To achieve a higher level of recognition we have to reduce the set of words and sentences that the system must be able to recognize. If we do this, we can dramatically increase the chance of a correct recognition, even if some words have been recognized uncorrectly. I therefore created a simple grammar (with regular expressions). You can define words, alternative lists, repeat blocks, sequences and (probably the most usefull) sound association statements. The set of legal sentences that can be formed by these rules are the language that we restrict the recognition process to. EuroScope will try to understand only these sentences and nothing else. In many cases that reduces the number of choices significantly, and hence EuroScope can figure the correct phrase guided by the context.

The Grammar File Structure

As nearly everything in the EuroScope environment, the grammar files are also simply text files. You can edit them with Notepad or any other text editor. Every line is compiled separately and contains a single rule.

Word Rule

The basic elements of the grammer syntax are the words. You have to define all words you would like to use in your aliases. It is also a help for the voice recognition engine that only these words are to be recognized. No word that is not defined here will be ever recognized.

There are two methods to define a word. The first is the simple one:

WORD:approach
WORD:runway
WORD:squawk
WORD:land
WORD:takeoff
WORD:taxi

These lines represent simple word definitions.

The second method contains in addition a replacement rule:

WORD:zero:0
WORD:one:1
WORD:two:2
WORD:alpha:A
WORD:bravo:B
WORD:charlie:C
WORD:thousand:000
WORD:hundred:00

In the above examples, if the engine recognizes the word, it will enter the replacement string to the message. Note that when using a simple rule, EuroScope will automatically surround the recognized word by spaces, while for a replacemen rule, the replacement string is added without adding spaces. You might specify spaces in your replacement string, though. Multiple spaces that result from neighboring words are being reduced to single spaces later.

Here are some examples how EuroScope will convert voice inputs according to the rules above:

  • "victor echo bravo oscar sierra" --> "VEBOS"
  • "squawk two six two two" --> "squawk 2622"
  • "one thousand" -->"1000"
  • "five hundred" -->"500"
  • "seven thousand five hundred" --> "7500"

The last example demonstrates a special built-in rule that applies when the word ""hundred" is recognized. It then suppresses the "000" that has been added by an immediately preceding "thousand" rule.

I also found that I was unable to make the word "proceed" to be recognized by the engine.
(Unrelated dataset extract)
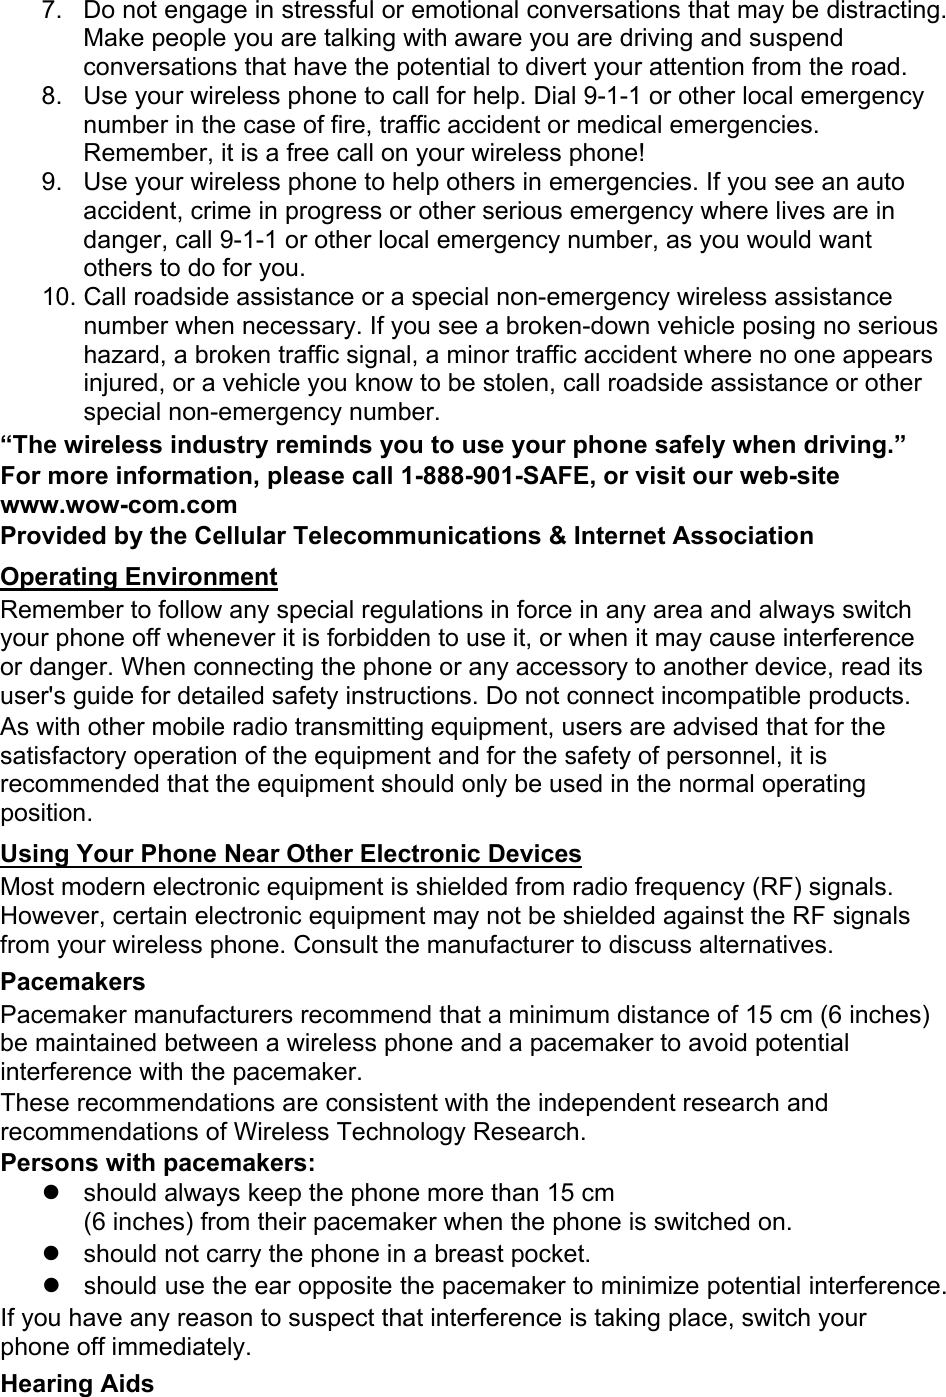 7.  Do not engage in stressful or emotional conversations that may be distracting. Make people you are talking with aware you are driving and suspend conversations that have the potential to divert your attention from the road. 8.  Use your wireless phone to call for help. Dial 9-1-1 or other local emergency number in the case of fire, traffic accident or medical emergencies. Remember, it is a free call on your wireless phone! 9.  Use your wireless phone to help others in emergencies. If you see an auto accident, crime in progress or other serious emergency where lives are in danger, call 9-1-1 or other local emergency number, as you would want others to do for you. 10. Call roadside assistance or a special non-emergency wireless assistance number when necessary. If you see a broken-down vehicle posing no serious hazard, a broken traffic signal, a minor traffic accident where no one appears injured, or a vehicle you know to be stolen, call roadside assistance or other special non-emergency number. “The wireless industry reminds you to use your phone safely when driving.” For more information, please call 1-888-901-SAFE, or visit our web-site www.wow-com.com Provided by the Cellular Telecommunications &amp; Internet Association Operating Environment Remember to follow any special regulations in force in any area and always switch your phone off whenever it is forbidden to use it, or when it may cause interference or danger. When connecting the phone or any accessory to another device, read its user&apos;s guide for detailed safety instructions. Do not connect incompatible products.As with other mobile radio transmitting equipment, users are advised that for the satisfactory operation of the equipment and for the safety of personnel, it is recommended that the equipment should only be used in the normal operating position. Using Your Phone Near Other Electronic Devices Most modern electronic equipment is shielded from radio frequency (RF) signals. However, certain electronic equipment may not be shielded against the RF signals from your wireless phone. Consult the manufacturer to discuss alternatives. Pacemakers Pacemaker manufacturers recommend that a minimum distance of 15 cm (6 inches) be maintained between a wireless phone and a pacemaker to avoid potential interference with the pacemaker. These recommendations are consistent with the independent research and recommendations of Wireless Technology Research. Persons with pacemakers:   should always keep the phone more than 15 cm   (6 inches) from their pacemaker when the phone is switched on.   should not carry the phone in a breast pocket.   should use the ear opposite the pacemaker to minimize potential interference. If you have any reason to suspect that interference is taking place, switch your phone off immediately. Hearing Aids

So I added the word "direct" to be replaced by "proceed direct". Just a little trick to cope with the impossible.

WORD:direct: proceed direct :

Sounds-like Rule

When experimenting, I found that there were some words that I was simply not able to produce by the engine. When I spoke them, the engine found always another word from the list. To be able to cope with these regular recognition failures, I added the sounds-like statement to the grammer syntax. If you find that when pronouncing word xxx the engine will always recognize word yyy, you can solve that problem by adding a rule:

SOUNDS:xxx:yyy

That tells EuroScope: Whenever the speech engine delivers yyy, it may be replaced by xxx if the other syntax rules would allow that. Both xxx and yyy must be words that have been defined before.

There are very similarly sounding words, like:

SOUNDS:four:for
SOUNDS:two:to
SOUNDS:descend:descent
SOUNDS:descent:descend

These cannot be recognized without the sounds rules at all. Then there might be words that are specific to a particular speaker and which require some tweeking with sounds rules, for example:

SOUNDS:via:zero
SOUNDS:victor:zero
SOUNDS:gate:eight

Just experiment with the recognition engine and if you always receive another word than spoken, add a sounds rule.

Regular Expressions

The word rules we have seen so far define the core elements of our syntax. From these core elements we can form expressions by using one of the rules explained below. For all those expression-forming rules apply two principals:

  • In an expression, only words and elements can be used that have been previously defined. So there is no way to define a recursion (that avoids some endless loop).
  • All names must be globally unique (you can not have the same name for two different expressions or words).

Alternative (One-of) Rule

Using this statement you can define an element that can assume exactly one of the listed alternatives. The first argument is the name of the expression while the remaining arguments are the permitted alternatives. Examples:

ONEOF:number:zero:one:two:three:four:five:six:seven:eight:nine

Here I defined the "number" expression that can be any of the alternatives "one", "two" … "nine".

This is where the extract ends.